- _Collected data_
----------

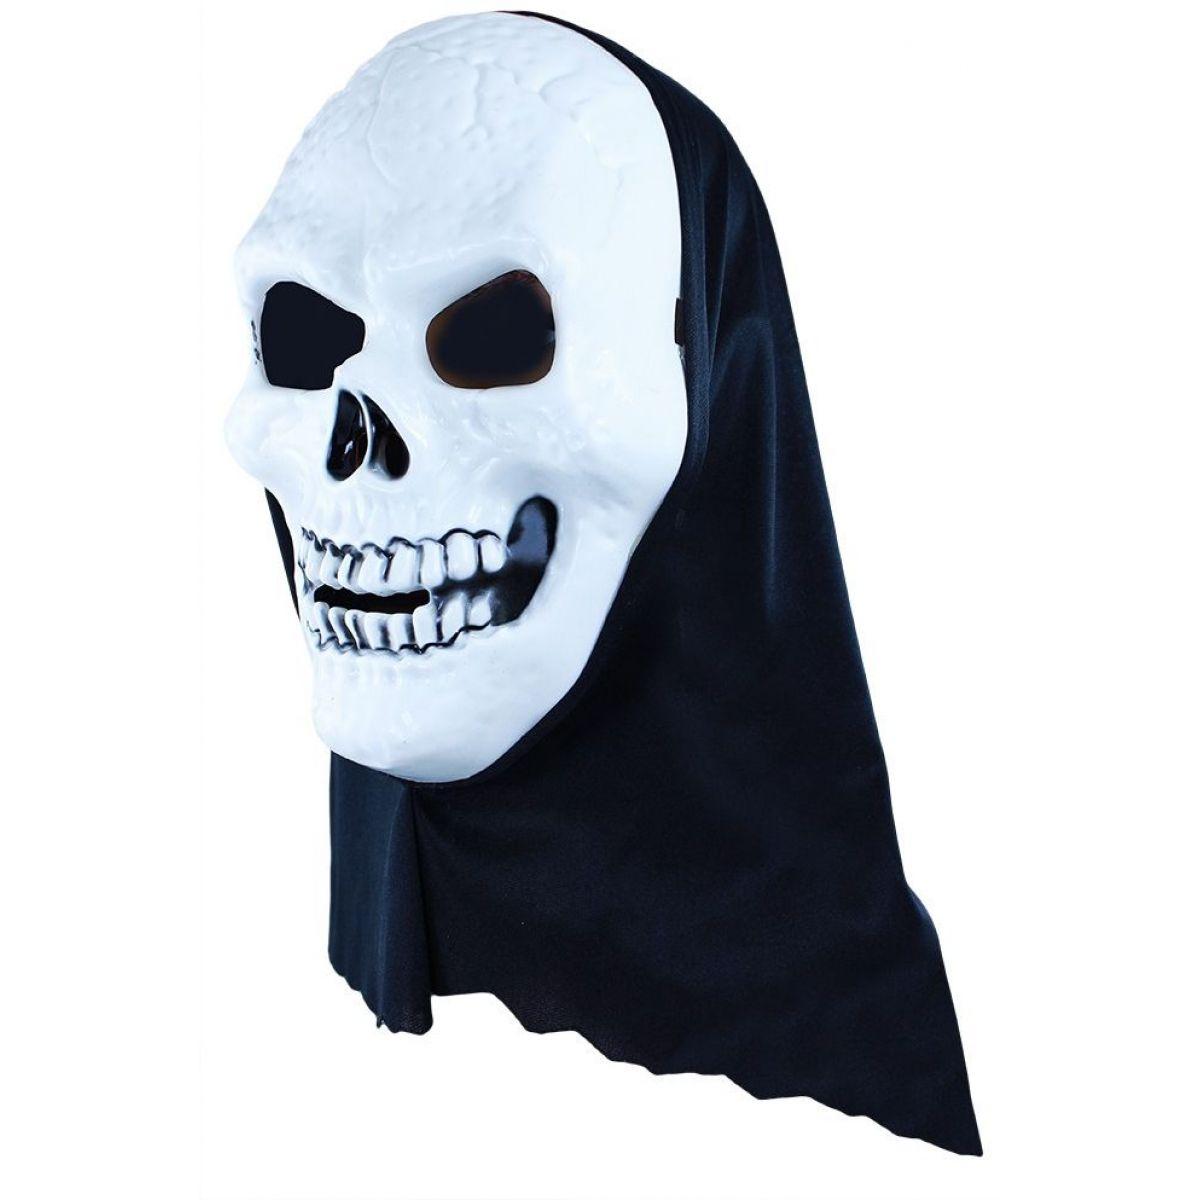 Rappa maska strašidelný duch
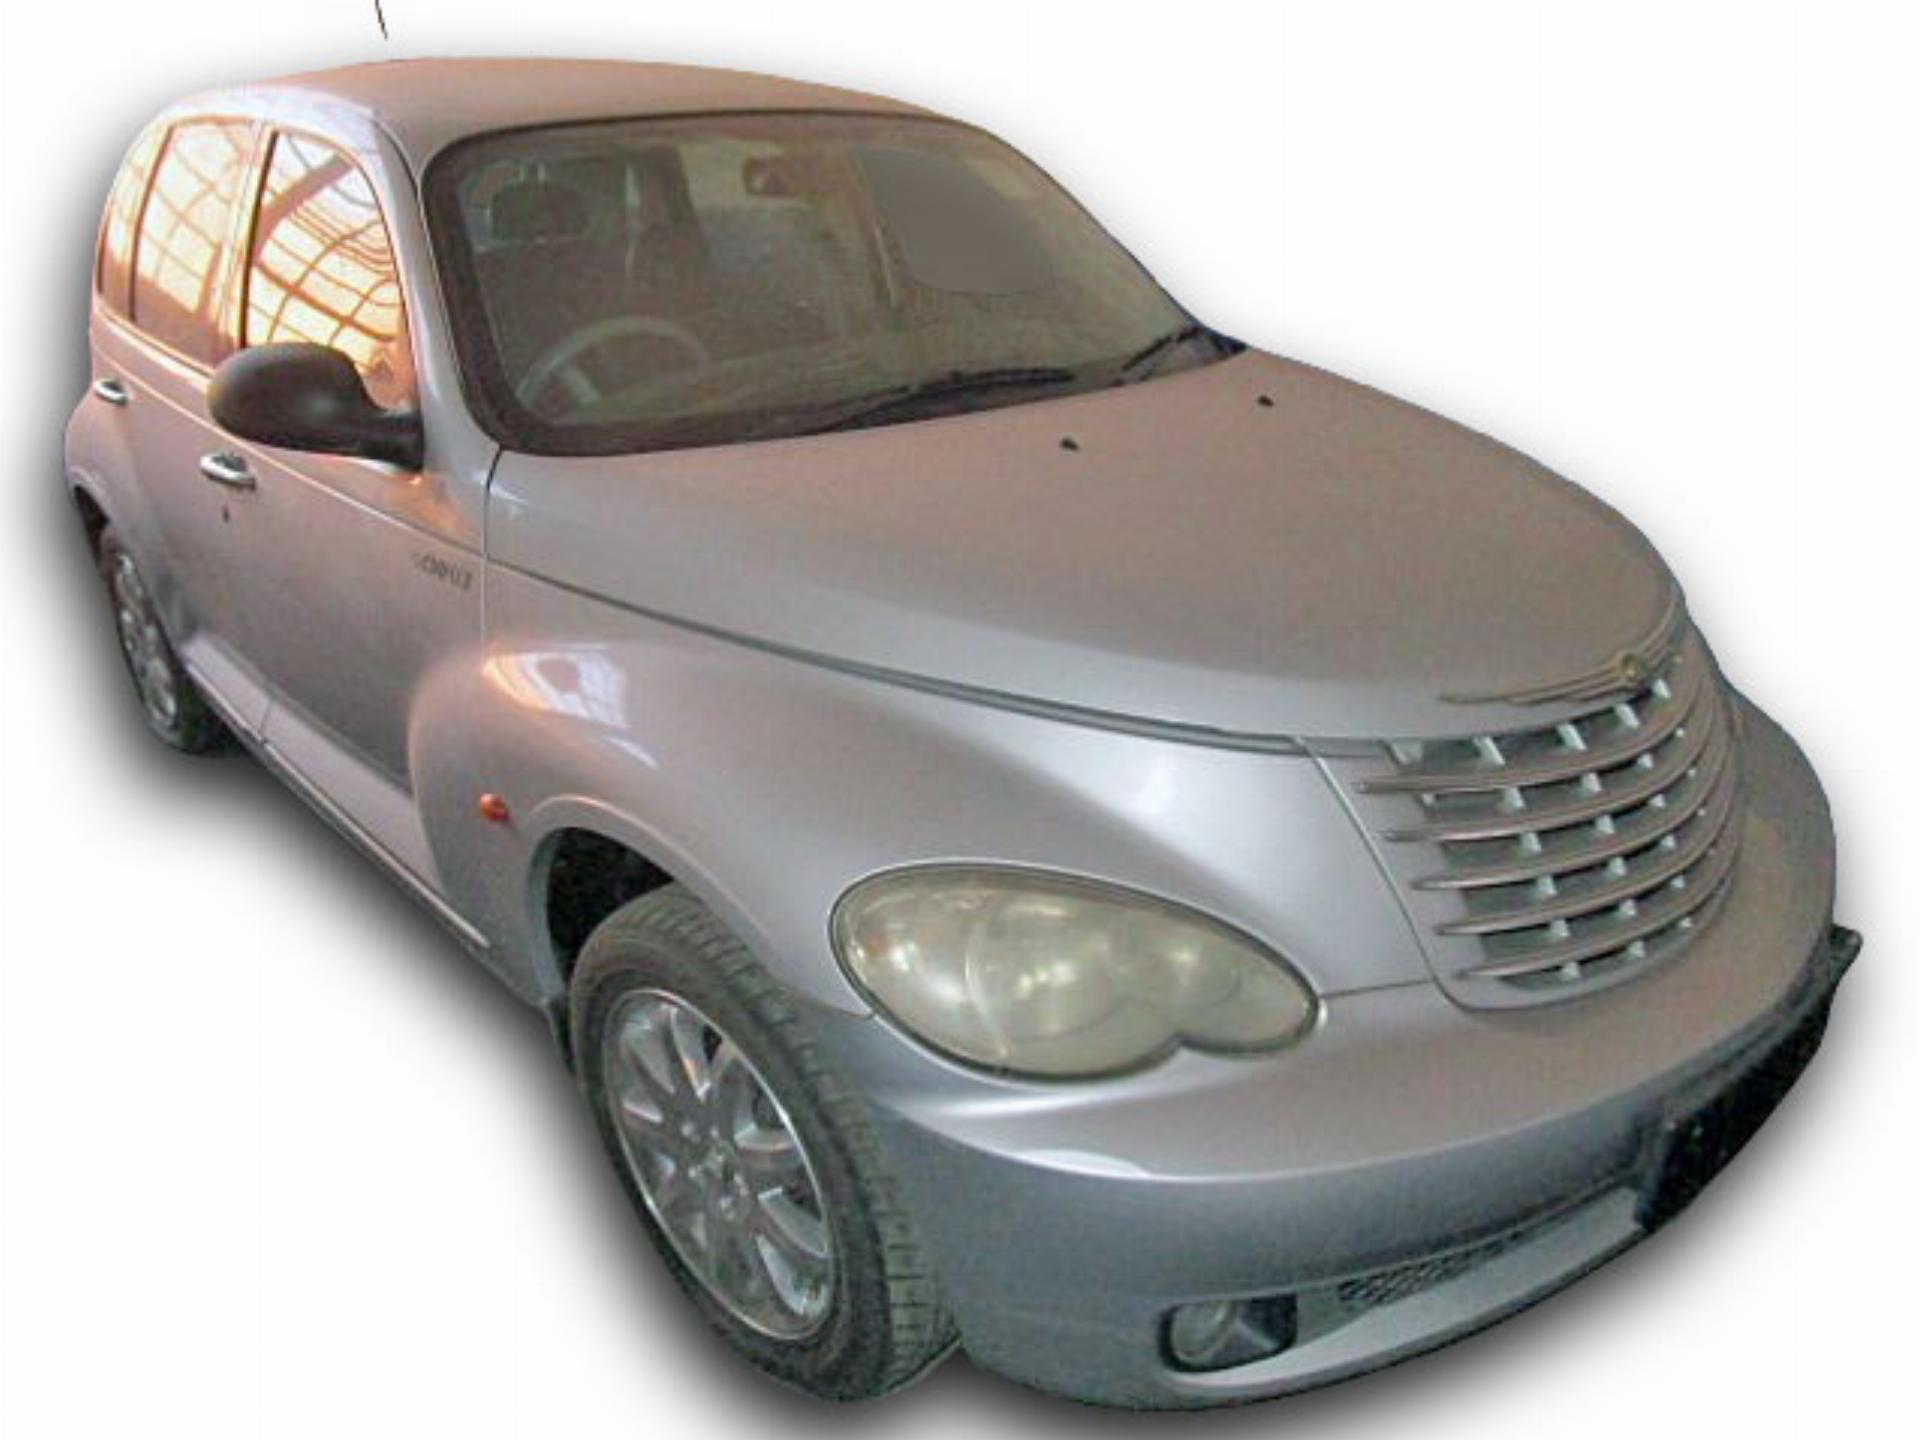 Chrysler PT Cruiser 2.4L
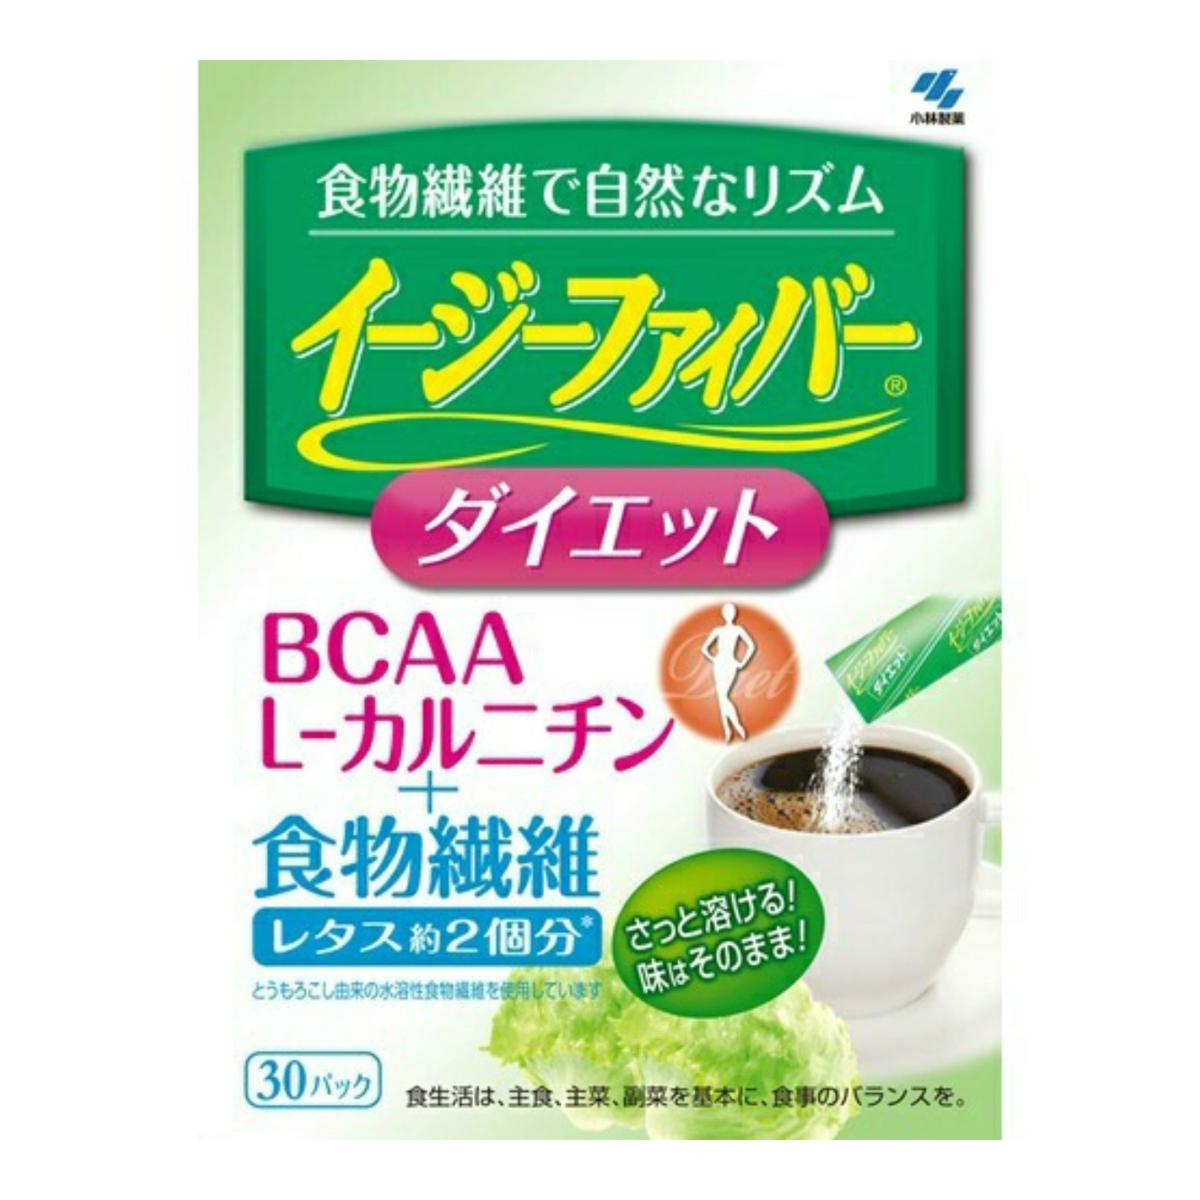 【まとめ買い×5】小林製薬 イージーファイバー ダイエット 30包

----------

Leaving the pictures aside, copy exactly and only the lines from the one holding "Chrysler PT Cruiser 2.4L" through the final line of the data, both ends kept.

 Chrysler PT Cruiser 2.4L
 【まとめ買い×5】小林製薬 イージーファイバー ダイエット 30包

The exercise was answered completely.